Короче, он собирался сообщить обо всем в милицию, потом
отвезти неизвестную женщину в больницу, ну а затем заняться своими делами. И
сначала действовал в соответствии с этими планами. Он поставил машину
неподалеку от входа в вокзал, еще раз поглядел на свою пассажирку, запер дверцы
и вбежал в здание. Поезд, надо полагать, уже высадил своих пассажиров и отошел
на запасной путь. И человек, которого Долохов должен был перехватить во
Владимире, наверное, вздохнул свободно. Уверился, что от него окончательно
отвязались. Решил, что именно он на этом свете самый хитрый, самый умный и
самый крутой. Небось спокойно спит теперь на своем пятом месте, в своем восьмом
вагоне.
Забавное совпадение, кстати, насчет восьмого вагона. Может
быть, он что-то видел или слышал? Может, он даже сможет узнать того злодея в
форме? Ну что ж, надо полагать, милиция подробно допросит всех пассажиров.
Разбудит их среди ночи и допросит… То есть в Москву этот скользкий тип прибудет
уже должным образом взбудораженным. А тут его и встретит Долохов. И эта пакость
поймет, что его неприятности не кончились, а только начинаются!
Как говорится, человек предполагает, а бог располагает. Зал
ожидания был пуст, это понятно, и ни одного мента там, против обыкновения, не
наблюдалось. Долохов немного помотался по залу, потом свернул в боковой
коридор, где, по его расчетам, вполне могли оказаться такие необходимые
вокзальные атрибуты, как медпункт, комната матери и ребенка, а также линейный
отдел милиции.
Он обнаружил не только искомое, но также парикмахерскую и
кабинет начальника вокзала, миновал все ненужные вывески и, стукнув в дверь
отделения милиции, сунулся туда.
Но тотчас замер на пороге, увидев, кроме четырех парней в
милицейской форме, худенькую женщину в куртке, наброшенной на китель
проводницы.
Все разом обернулись к Долохову и уставились на него –
сказать, что уставились неприветливо, значит совершенно ничего не сказать.

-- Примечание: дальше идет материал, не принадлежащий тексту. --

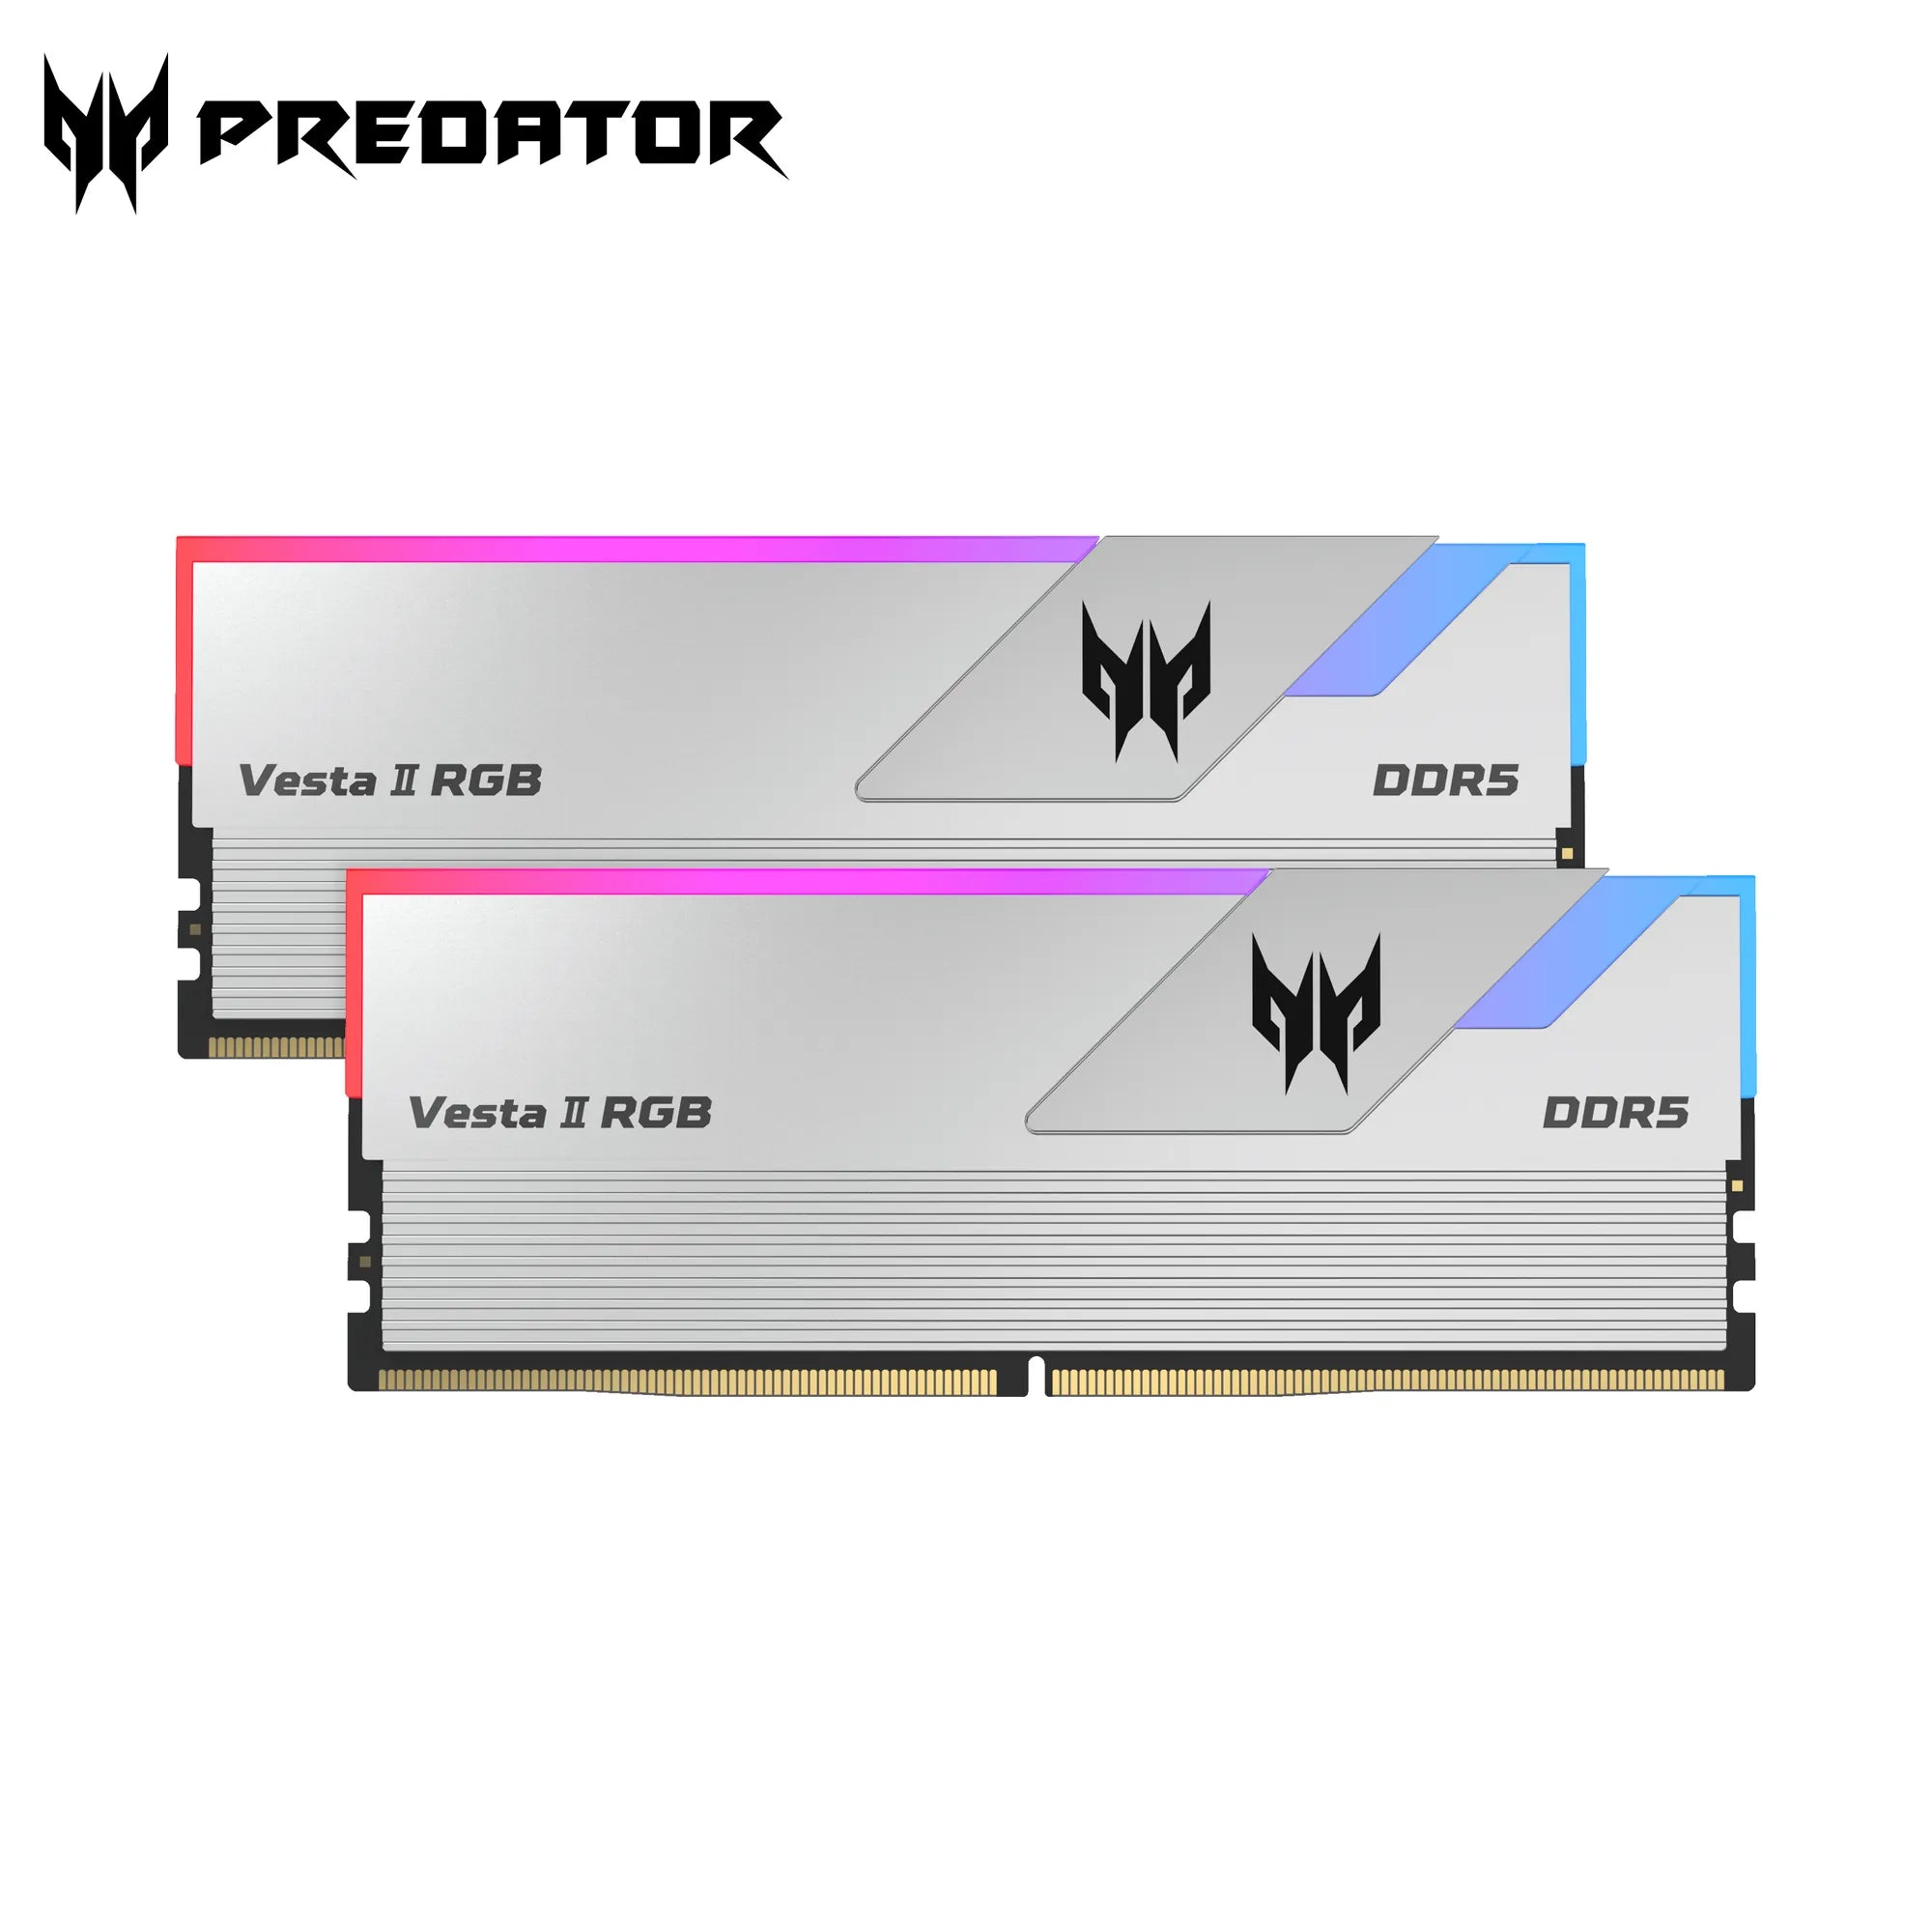 Predator Vesta II RGB
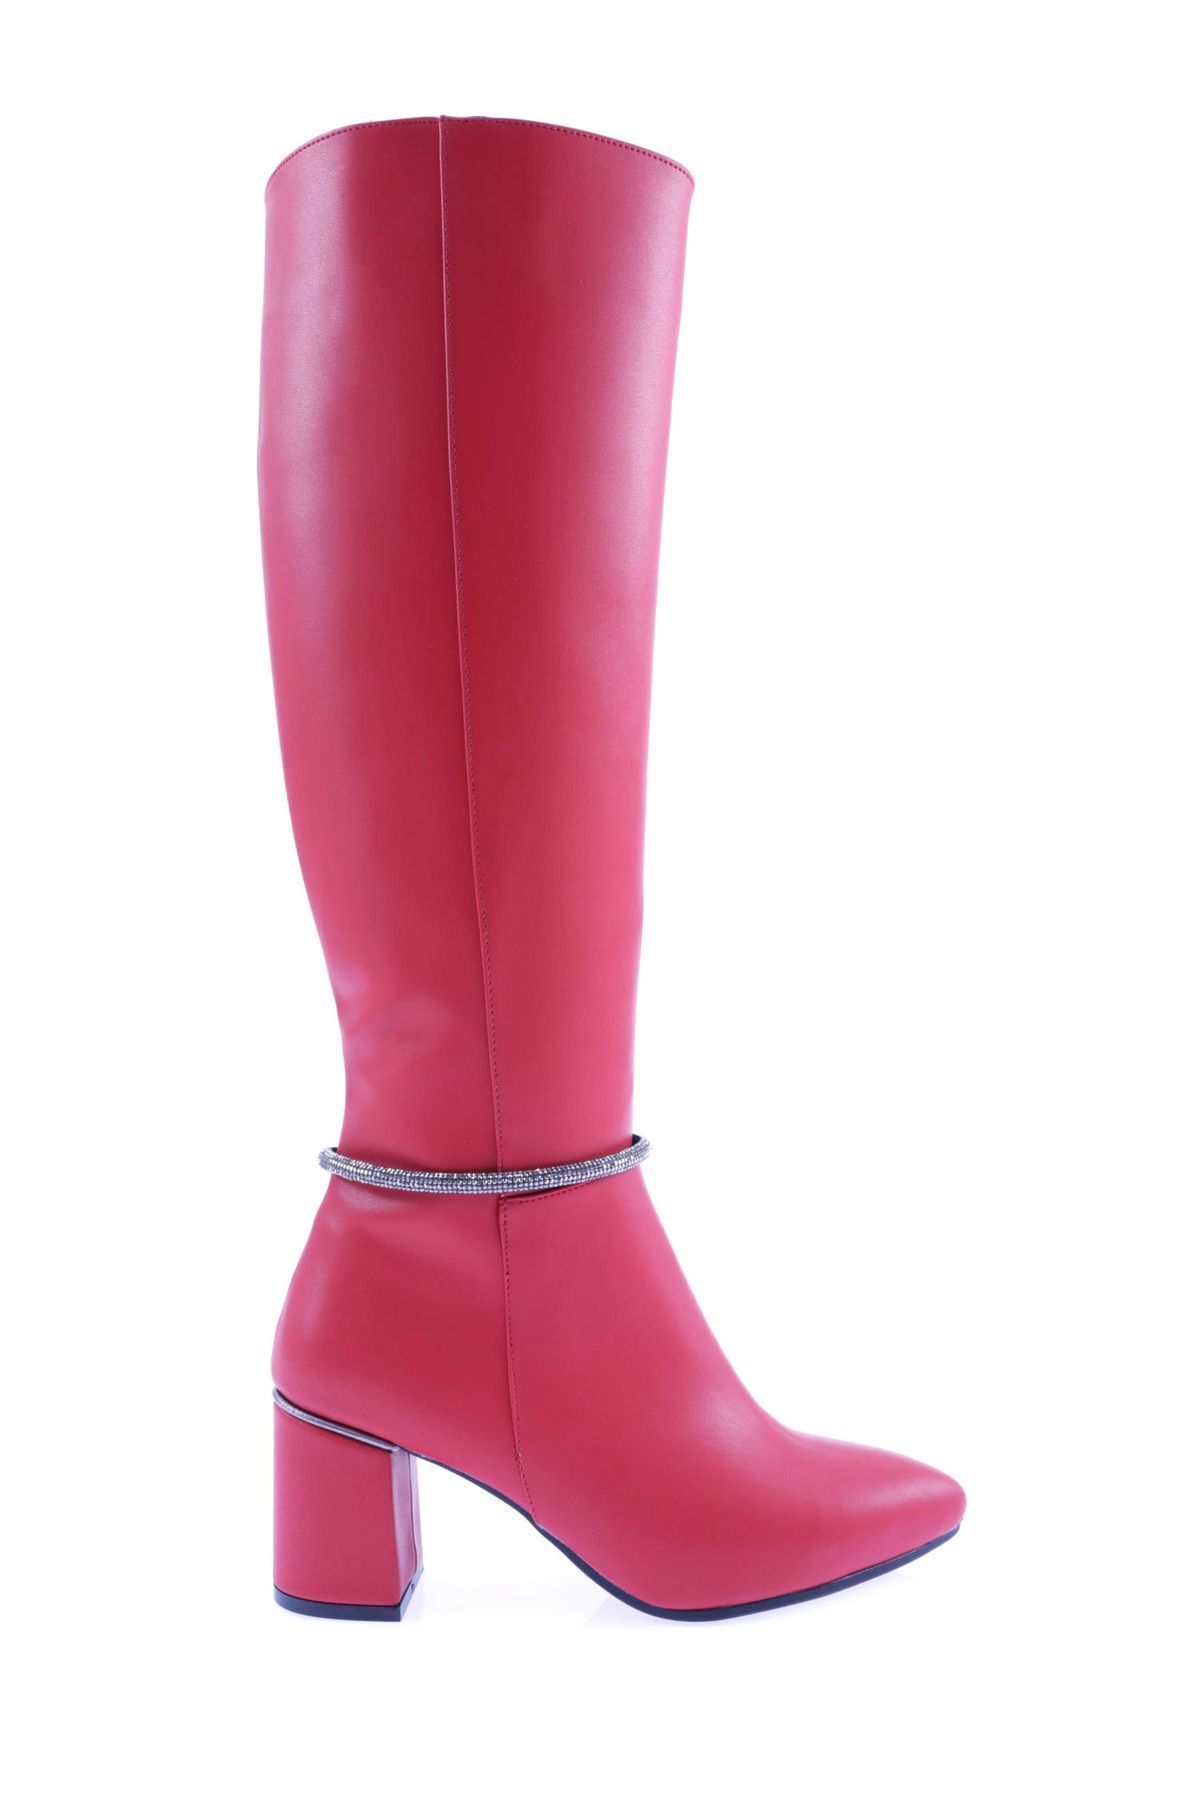 Dgn 133-2164-22k Kadın Zincirli Topuklu Çizme Kırmızı

– Вам что? – сурово спросил один милиционер, а второй
рявкнул нетерпеливо:
– Подождите за дверью!
Долохов повиновался. Надо отметить, что никогда, даже в
армии, он не подчинялся приказам с такой готовностью! А если по правде – с
облегчением. Что-то было в обведенных нелепыми синими тенями глазах проводницы
невыразимое… Долохову стало здорово не по себе, когда он встретился с ней
взглядом. Разумеется, он совершенно не рассмотрел проводницу, маячившую позади
железнодорожника, который выталкивал из тамбура женщину, спасенную Долоховым,
однако лицо вот этой проводницы, стоявшей в милицейском кабинете, разглядел
отлично. У него была отменная память на лица, он мог заранее сказать, что
прежде никогда этой изможденной тетки не встречал, а если бы встретил, то
непременно запомнил бы ее. О таких говорят: со следами былой красоты. Видимо, и
впрямь была когда-то красавица. Похожа на звезду немого кино, а может, 30-х или
40-х годов, когда в моде были такие полубезумные, очень нервные лица. Впрочем,
сейчас о ней совсем другое можно сказать: краше в гроб кладут. Накрашена так,
словно проделывала это в темной комнате, нарочно повернувшись к зеркалу спиной.
Сущее пугало. Но самое страшное в ней – выражение глаз. Совершенно мертвые.
Странно, что это ничуть не насторожило ментов. Вид у тетки
такой, словно она только что сбежала из вытрезвителя, не приняв положенных
процедур. А они внимают каждому ее слову, как будто перед ними Катерина
Андреева с последними теленовостями!
А что она там изрекает, кстати? Долохов приник ухом к двери
кабинета, оставшейся приоткрытой, и начал слушать. Вернее, ловить долетавшие до
него обрывки разговора.
– Конечно, прежде всего надо вынести труп так, чтобы никто
не заметил. Если пассажиры… Расписание нарушать не…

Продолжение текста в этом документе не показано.